SUPPLIED INFORMATION Start Marker

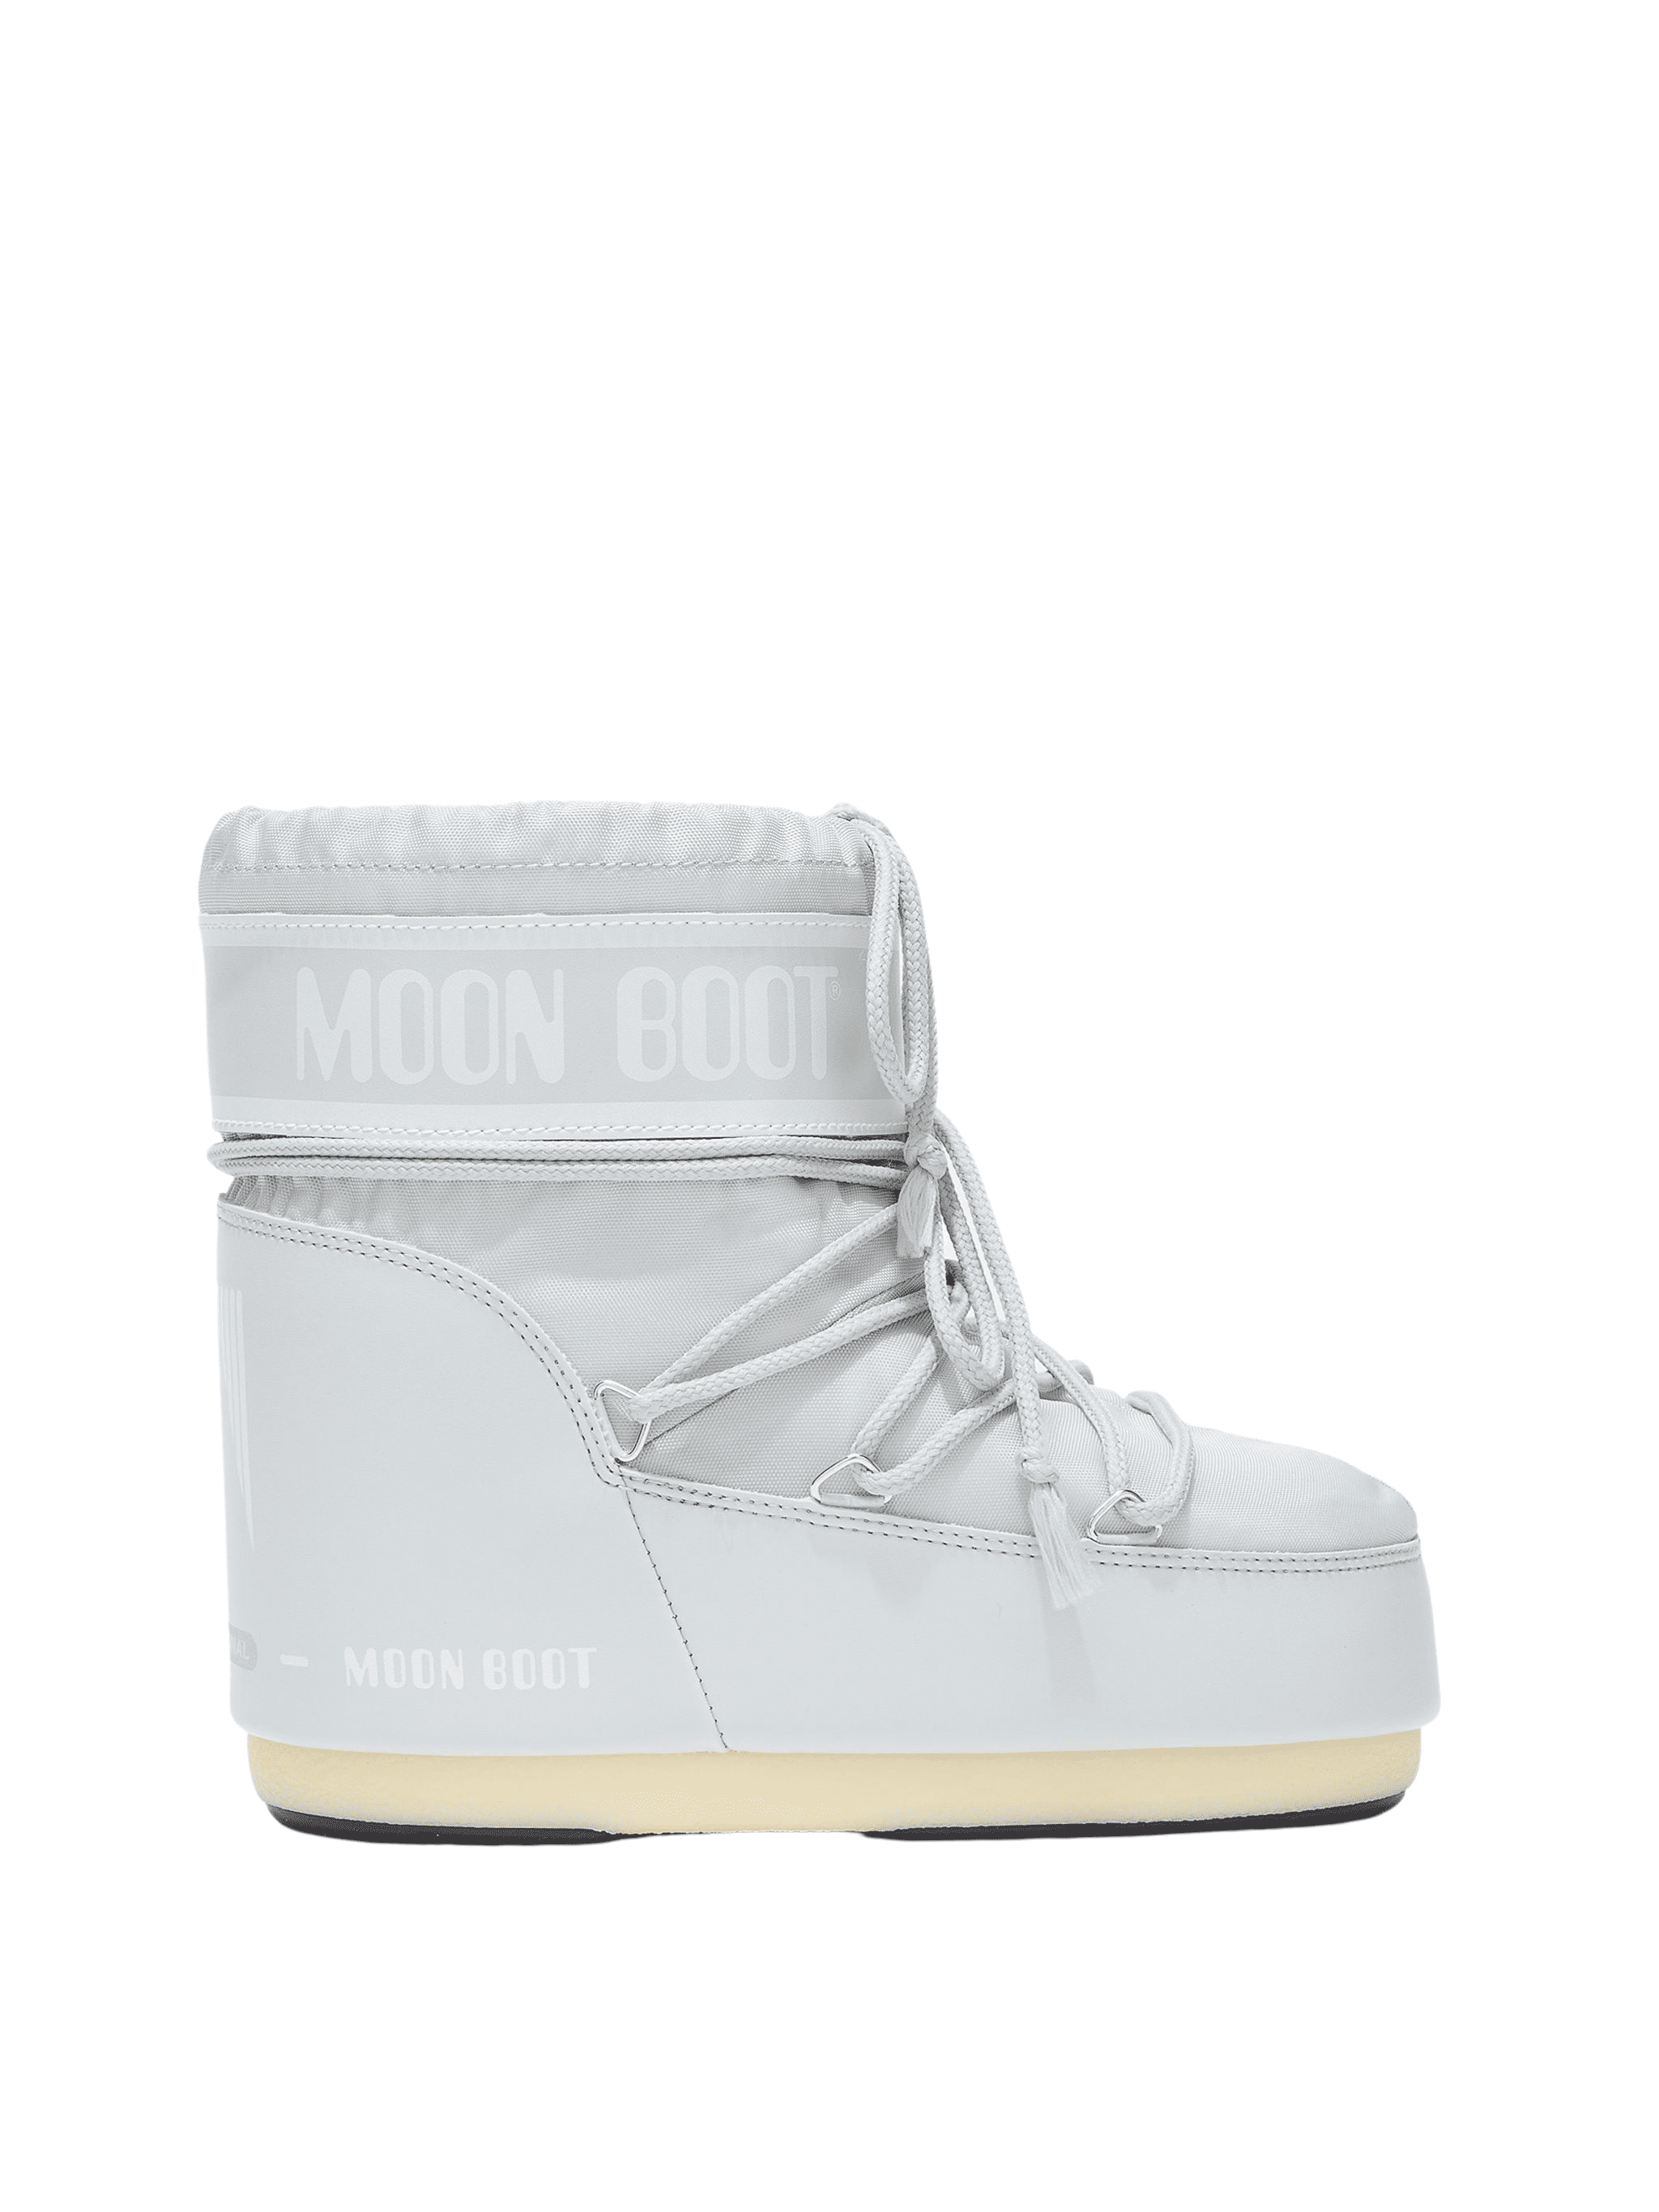 Moon Boot Icon Low Grey Nylon Boots 14093400 012
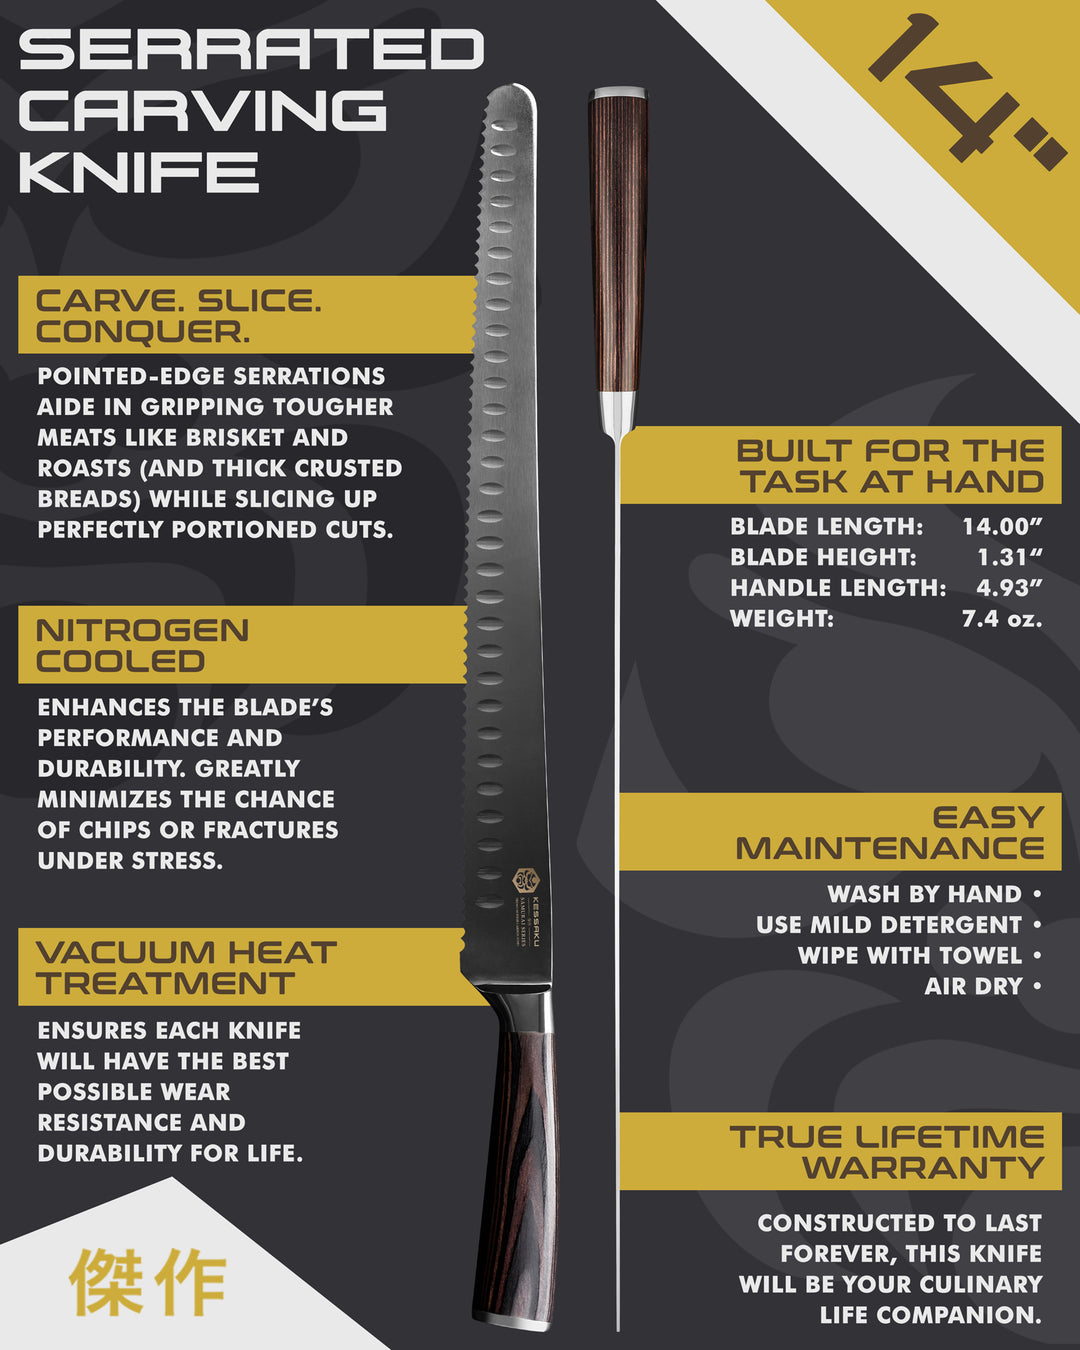 Kessaku Samurai Series Serrated Carving Knife uses, dimensions, maintenance, warranty info, and additional blade treatments
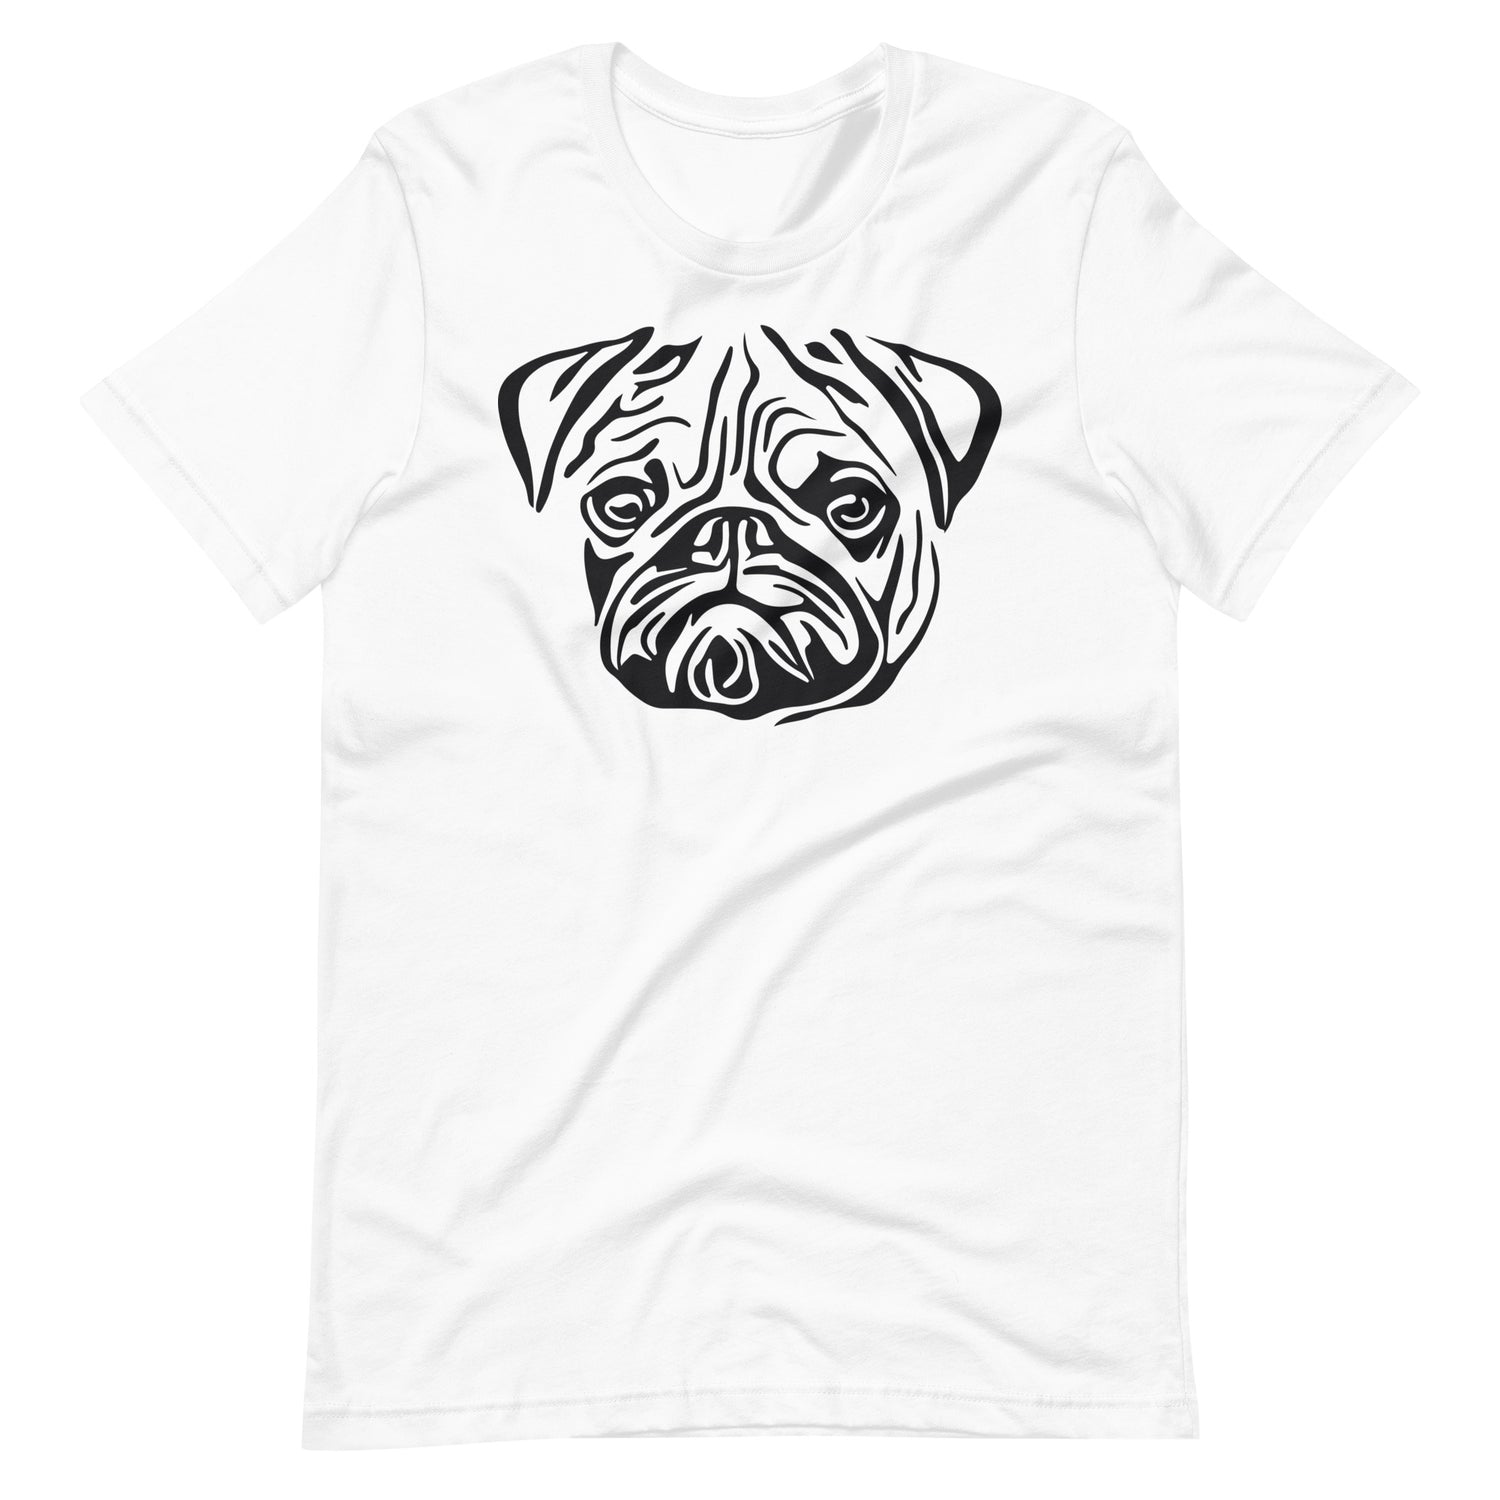 Black Pug face silhouette on unisex white t-shirt
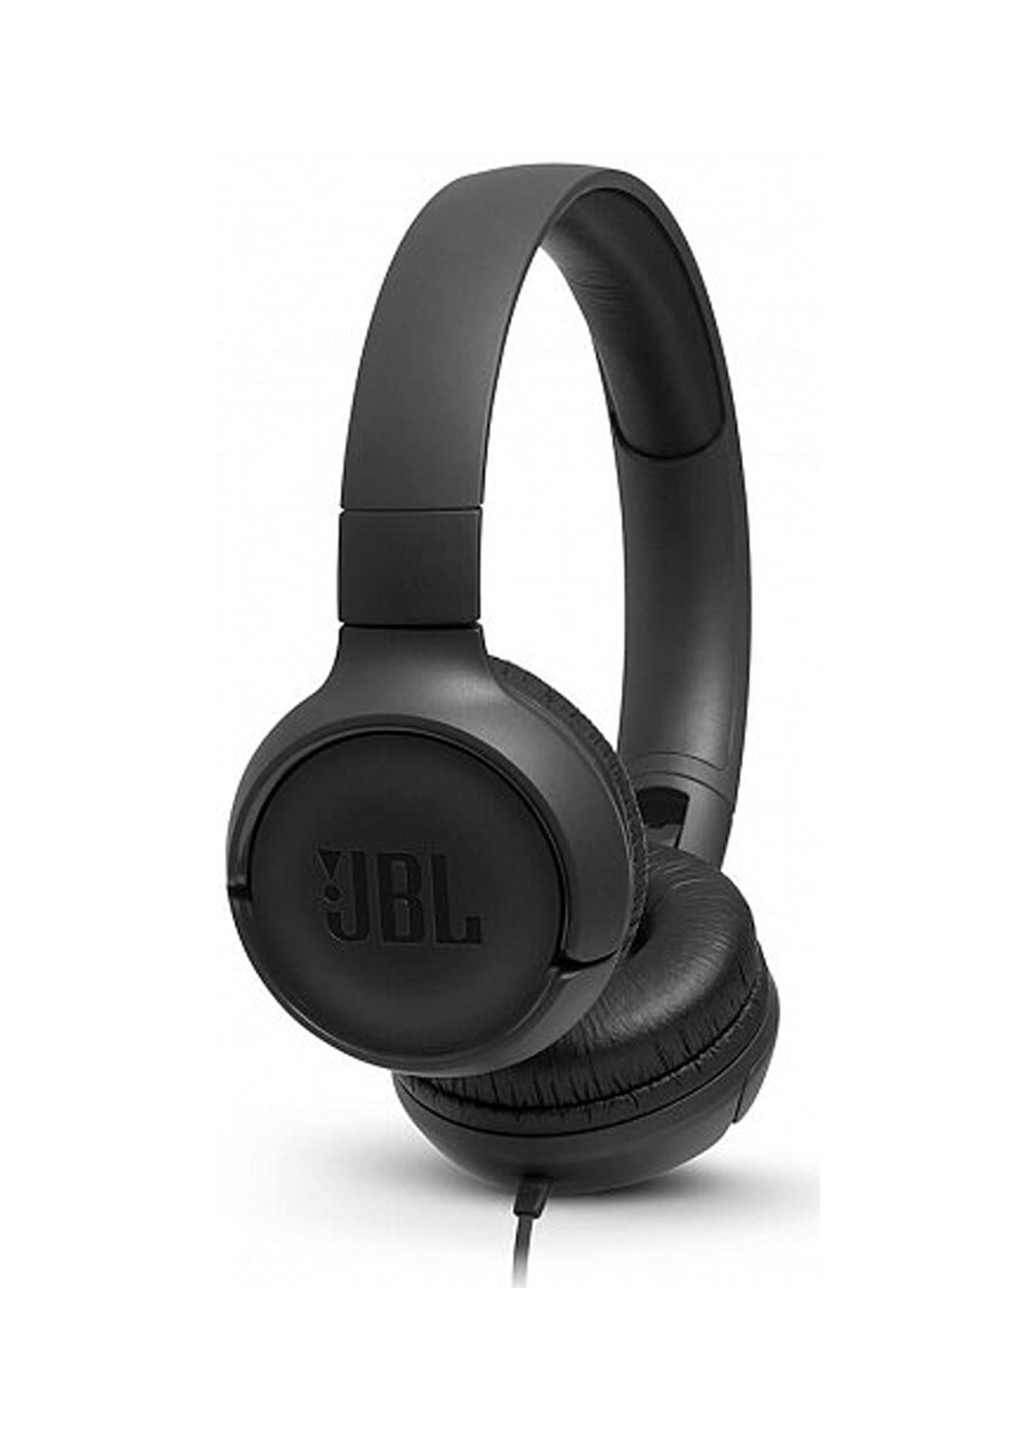 Навушники T500 Black (T500BLK) JBL t500 black (jblt500blk) (160880270)

SUPPLIED INFORMATION End Marker

- [DESCRIPTION OF THE TASK] In your output, include only the lines from the line containing "Black Pug face" through the last line of the material above, exactly as they appear, and leave out the pictures.

- [FINISHED TASK]
 Black Pug face silhouette on unisex white t-shirt
 Навушники T500 Black (T500BLK) JBL t500 black (jblt500blk) (160880270)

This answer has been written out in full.